# Records for the exercise

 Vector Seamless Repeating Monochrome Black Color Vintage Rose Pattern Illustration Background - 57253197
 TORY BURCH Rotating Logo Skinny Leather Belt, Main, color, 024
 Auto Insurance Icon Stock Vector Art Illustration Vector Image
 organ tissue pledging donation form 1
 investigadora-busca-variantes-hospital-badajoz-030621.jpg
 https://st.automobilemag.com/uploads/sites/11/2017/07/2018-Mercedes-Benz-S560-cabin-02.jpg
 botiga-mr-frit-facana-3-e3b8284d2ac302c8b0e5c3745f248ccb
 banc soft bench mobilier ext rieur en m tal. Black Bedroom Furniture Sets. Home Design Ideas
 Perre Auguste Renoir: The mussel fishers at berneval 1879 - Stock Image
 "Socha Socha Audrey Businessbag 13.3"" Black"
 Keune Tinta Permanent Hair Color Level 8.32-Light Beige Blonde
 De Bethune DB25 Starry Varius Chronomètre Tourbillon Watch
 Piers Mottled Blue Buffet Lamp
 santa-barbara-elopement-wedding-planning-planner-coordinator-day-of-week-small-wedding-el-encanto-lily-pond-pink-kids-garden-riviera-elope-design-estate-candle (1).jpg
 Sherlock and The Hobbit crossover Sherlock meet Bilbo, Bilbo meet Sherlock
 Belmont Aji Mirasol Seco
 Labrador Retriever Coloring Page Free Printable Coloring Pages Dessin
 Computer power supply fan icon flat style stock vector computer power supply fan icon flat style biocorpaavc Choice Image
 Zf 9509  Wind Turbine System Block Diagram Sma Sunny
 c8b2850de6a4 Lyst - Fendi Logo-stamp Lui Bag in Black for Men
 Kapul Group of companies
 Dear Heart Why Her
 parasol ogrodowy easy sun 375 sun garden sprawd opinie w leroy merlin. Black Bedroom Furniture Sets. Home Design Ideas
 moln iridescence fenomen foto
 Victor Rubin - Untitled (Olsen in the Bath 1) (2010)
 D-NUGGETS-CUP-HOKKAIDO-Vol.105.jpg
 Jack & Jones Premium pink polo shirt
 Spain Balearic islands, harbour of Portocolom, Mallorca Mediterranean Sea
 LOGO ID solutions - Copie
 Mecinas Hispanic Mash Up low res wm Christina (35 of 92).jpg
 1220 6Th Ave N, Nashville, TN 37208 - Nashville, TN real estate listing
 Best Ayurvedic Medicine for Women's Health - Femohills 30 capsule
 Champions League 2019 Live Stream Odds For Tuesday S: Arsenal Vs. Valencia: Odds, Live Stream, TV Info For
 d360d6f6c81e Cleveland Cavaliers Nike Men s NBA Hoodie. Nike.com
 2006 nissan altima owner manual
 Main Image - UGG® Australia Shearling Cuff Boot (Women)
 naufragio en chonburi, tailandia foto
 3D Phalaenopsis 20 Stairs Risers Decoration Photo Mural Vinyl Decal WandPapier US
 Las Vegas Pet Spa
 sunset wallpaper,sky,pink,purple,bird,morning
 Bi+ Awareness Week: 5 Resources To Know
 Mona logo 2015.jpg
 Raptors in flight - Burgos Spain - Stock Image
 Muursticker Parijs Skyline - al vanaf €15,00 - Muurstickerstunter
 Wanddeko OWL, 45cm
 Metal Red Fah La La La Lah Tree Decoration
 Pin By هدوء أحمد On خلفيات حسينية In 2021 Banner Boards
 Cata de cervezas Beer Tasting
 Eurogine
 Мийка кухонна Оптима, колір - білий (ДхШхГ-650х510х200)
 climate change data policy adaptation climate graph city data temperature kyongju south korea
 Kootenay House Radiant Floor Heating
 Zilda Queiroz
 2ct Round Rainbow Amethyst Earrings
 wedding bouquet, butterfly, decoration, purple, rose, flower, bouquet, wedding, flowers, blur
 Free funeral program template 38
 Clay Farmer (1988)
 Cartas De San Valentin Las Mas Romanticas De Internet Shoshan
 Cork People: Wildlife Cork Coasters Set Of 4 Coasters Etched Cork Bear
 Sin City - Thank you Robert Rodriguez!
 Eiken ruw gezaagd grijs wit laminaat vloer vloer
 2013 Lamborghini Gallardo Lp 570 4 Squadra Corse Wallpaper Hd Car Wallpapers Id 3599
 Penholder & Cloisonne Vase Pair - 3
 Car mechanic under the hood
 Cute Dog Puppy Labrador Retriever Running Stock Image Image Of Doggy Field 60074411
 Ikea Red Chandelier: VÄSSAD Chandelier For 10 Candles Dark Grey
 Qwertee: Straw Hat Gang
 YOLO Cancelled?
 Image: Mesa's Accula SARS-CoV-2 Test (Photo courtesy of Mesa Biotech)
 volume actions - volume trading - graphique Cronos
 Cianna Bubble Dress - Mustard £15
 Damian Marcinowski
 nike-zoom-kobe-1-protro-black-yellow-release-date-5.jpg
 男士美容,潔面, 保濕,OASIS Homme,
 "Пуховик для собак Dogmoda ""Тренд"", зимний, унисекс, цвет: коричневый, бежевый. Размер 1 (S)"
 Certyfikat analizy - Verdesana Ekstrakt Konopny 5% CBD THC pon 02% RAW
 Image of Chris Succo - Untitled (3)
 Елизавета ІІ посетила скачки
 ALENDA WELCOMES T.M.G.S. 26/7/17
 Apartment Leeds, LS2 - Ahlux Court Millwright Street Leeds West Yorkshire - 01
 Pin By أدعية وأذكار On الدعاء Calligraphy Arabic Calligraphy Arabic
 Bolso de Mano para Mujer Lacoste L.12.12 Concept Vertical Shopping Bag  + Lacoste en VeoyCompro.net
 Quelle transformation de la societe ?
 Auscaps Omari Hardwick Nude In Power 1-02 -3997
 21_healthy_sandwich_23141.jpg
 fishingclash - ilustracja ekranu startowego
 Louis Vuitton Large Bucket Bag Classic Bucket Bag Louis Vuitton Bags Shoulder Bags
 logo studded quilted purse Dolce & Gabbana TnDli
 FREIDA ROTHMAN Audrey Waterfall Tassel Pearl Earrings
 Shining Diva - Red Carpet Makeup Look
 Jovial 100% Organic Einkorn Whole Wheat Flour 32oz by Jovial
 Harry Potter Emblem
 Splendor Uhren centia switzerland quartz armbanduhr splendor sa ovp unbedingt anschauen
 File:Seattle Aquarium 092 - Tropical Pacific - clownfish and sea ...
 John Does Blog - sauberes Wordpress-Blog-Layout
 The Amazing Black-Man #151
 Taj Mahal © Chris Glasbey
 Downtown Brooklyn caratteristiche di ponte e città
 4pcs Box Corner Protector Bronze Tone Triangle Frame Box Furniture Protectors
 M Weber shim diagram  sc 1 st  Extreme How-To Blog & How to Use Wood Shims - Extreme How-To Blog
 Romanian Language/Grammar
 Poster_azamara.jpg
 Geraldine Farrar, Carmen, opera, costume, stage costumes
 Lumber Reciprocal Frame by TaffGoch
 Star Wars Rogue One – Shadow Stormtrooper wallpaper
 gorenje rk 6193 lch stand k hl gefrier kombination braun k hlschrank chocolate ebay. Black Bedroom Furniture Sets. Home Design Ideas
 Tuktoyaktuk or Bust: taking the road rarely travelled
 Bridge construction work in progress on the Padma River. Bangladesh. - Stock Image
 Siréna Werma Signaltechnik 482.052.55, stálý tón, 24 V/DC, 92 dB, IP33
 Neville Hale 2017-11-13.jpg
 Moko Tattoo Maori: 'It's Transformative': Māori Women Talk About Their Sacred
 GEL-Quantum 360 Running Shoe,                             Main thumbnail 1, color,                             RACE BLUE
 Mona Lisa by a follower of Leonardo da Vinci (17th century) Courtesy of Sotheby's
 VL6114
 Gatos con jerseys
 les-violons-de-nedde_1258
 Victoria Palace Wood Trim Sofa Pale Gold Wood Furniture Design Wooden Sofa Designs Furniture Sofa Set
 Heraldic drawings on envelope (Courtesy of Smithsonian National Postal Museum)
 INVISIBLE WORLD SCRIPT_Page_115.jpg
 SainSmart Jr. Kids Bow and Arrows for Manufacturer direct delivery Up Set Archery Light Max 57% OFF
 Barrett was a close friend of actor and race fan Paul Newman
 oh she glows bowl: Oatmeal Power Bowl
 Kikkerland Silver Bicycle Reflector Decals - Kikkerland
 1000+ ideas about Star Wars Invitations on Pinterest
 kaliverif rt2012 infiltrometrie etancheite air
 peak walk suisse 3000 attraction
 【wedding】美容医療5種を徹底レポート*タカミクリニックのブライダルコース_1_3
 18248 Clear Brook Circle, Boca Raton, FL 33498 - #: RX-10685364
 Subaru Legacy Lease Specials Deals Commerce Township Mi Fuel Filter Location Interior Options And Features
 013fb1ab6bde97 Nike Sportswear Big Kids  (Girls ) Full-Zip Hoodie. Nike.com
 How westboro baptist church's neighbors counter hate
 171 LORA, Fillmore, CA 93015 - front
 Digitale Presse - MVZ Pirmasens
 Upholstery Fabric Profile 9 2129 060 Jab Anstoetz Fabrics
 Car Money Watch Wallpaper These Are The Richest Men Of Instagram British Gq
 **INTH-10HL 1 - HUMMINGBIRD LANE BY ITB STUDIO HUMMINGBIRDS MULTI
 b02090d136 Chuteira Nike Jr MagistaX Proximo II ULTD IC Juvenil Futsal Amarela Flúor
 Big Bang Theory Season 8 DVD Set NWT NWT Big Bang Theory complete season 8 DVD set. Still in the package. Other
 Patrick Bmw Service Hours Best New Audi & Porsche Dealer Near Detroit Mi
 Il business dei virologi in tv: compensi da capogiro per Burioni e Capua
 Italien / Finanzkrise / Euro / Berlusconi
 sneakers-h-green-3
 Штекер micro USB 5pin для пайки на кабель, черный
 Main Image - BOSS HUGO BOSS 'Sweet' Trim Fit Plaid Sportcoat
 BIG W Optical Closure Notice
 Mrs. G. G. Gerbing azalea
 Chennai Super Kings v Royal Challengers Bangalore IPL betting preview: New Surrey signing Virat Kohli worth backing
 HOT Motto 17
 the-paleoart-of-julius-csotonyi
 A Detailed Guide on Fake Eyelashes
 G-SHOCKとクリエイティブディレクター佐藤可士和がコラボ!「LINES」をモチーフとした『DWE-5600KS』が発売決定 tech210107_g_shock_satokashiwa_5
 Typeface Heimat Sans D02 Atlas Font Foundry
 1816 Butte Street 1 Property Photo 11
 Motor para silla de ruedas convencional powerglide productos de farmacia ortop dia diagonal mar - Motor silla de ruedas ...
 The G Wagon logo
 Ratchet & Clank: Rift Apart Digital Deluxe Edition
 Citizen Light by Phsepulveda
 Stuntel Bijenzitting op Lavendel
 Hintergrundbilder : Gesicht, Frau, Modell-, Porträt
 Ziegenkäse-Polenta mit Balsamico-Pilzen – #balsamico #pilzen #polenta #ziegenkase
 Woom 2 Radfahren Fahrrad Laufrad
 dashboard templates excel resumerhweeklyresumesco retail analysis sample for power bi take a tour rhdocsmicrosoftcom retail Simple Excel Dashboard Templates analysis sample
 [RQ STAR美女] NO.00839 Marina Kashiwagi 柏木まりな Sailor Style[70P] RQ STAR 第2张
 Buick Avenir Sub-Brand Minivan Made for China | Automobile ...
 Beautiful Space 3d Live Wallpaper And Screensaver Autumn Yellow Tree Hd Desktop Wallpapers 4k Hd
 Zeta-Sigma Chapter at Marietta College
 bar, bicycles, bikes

# Problem statement
Determine how many lines above contain the word "Furniture", then give the number by itself.

# Answer box
5